Бражник - Цагар Враль
Шрифт:
Интервал:
Закладка:
Люди вокруг меня жили себе и не знали, как у меня в голове весело.
Глупая мысль. Я подумал ее, когда вышел из бара — пьян и счастлив. Вышел уже в темноту, хотя входил засветло. Вышел в ночь. Вышел и храбро пошел вперед. Туда, куда боялся ходить уже много лет.
Я понял, что у меня осталось очень мало вещей. Вещей, которые я мог бы назвать своими. На самом деле, я даже не знал толком, сколько их, этих вещей. Я мог сказать только, чего у меня больше нет. У меня больше нет отчего дома — это раз. У меня больше нет дома Лаврентия. Два. Вещей у меня тоже больше нет — книг, одежды и прочего — как я могу считать их своими после того, как их так самовольно выбросили в неизвестном мне направлении? Это три. И друзья, их у меня тоже больше нет. Я так решил. Четыре и пять.
Вот и получилось, что осталась у меня только та самая пивная.
Та самая пивная, до которой я дошел. Я дошел и увидел её — я спросил её:
— Как тебя зовут?
Мое сердце билось со скоростью света.
А она назвала свое имя:
— Румани.
«Что за имя такое?» — подумал я, а вслух ответил:
— Очень красивое.
Так вышло, что сделать это мне стало проще простого. Я уже увидел ее тем утром. Увидел, когда чувствовал себя настолько плохо, что не смог полноценно пережить это потрясение — мое самочувствие сработало амортизатором, смягчило удар.

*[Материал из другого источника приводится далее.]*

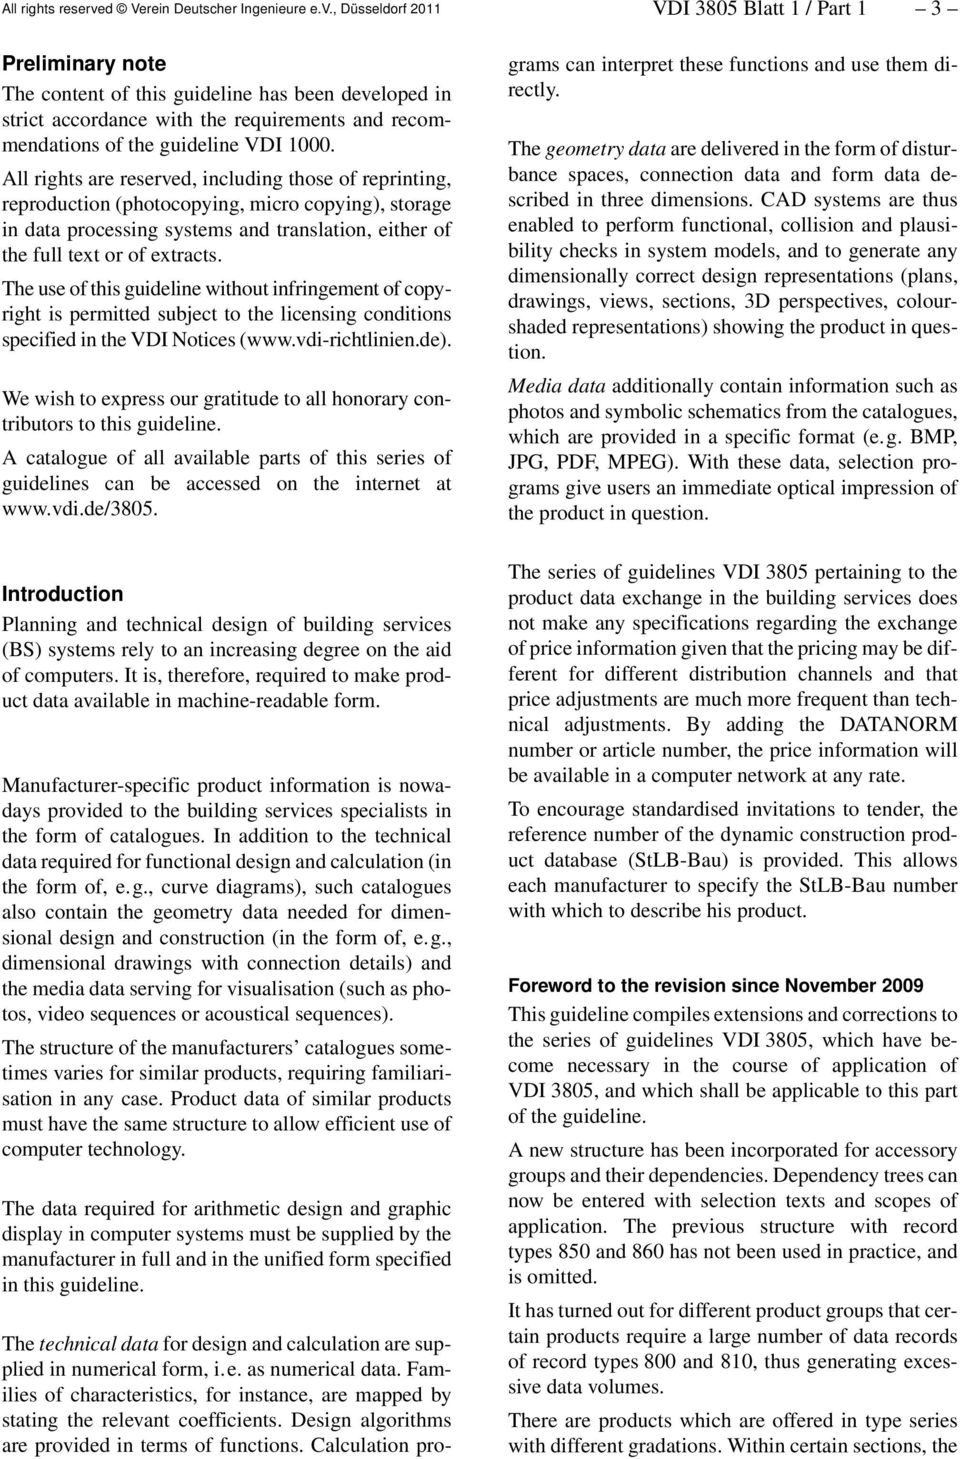 , Düsseldorf 2011 VDI 3805 Blatt 1 / Part 1 3 Preliminary note The content of this guideline has been developed in strict accordance with the requirements and recommendations of the guideline VDI

Наша с ней встреча запустила какой-то механизм внутри меня. Он работал, пока я и не знал. Совершал свои фоновые процессы. Я и подумать не мог, что сделаю это, а потом просто сделал. Понадобилось.
Дело в том, что это, оказывается, совсем не страшно. На нее смотреть. И не страшно, что она меня узнала. Я смог это пережить, а потом захотел еще.
Что-то мне подсказывало, что героин работает так же.
На утро я чувствовал себя странно. И нет, не думайте даже: у этого временного провала не настолько глубокий подтекст, как может показаться.
У нас с ней ничего быть не могло. Это я знал. И даже ей объяснил, почему.
— Я ведь даже не трахаюсь, потому что больше ни на кого не стоит!
Вот так я ныл, пьяный и разнеженный, у неё дома.
— Это огромная потеря для общества, — щурилась она в ответ.
Довольно цинично. Мне нравилось.
— Нет, это маленькая потеря для общества, но огромная — для одного человека! А может, и не одного. Ты хоть представляешь, сколько женщин я бы смог осчастливить?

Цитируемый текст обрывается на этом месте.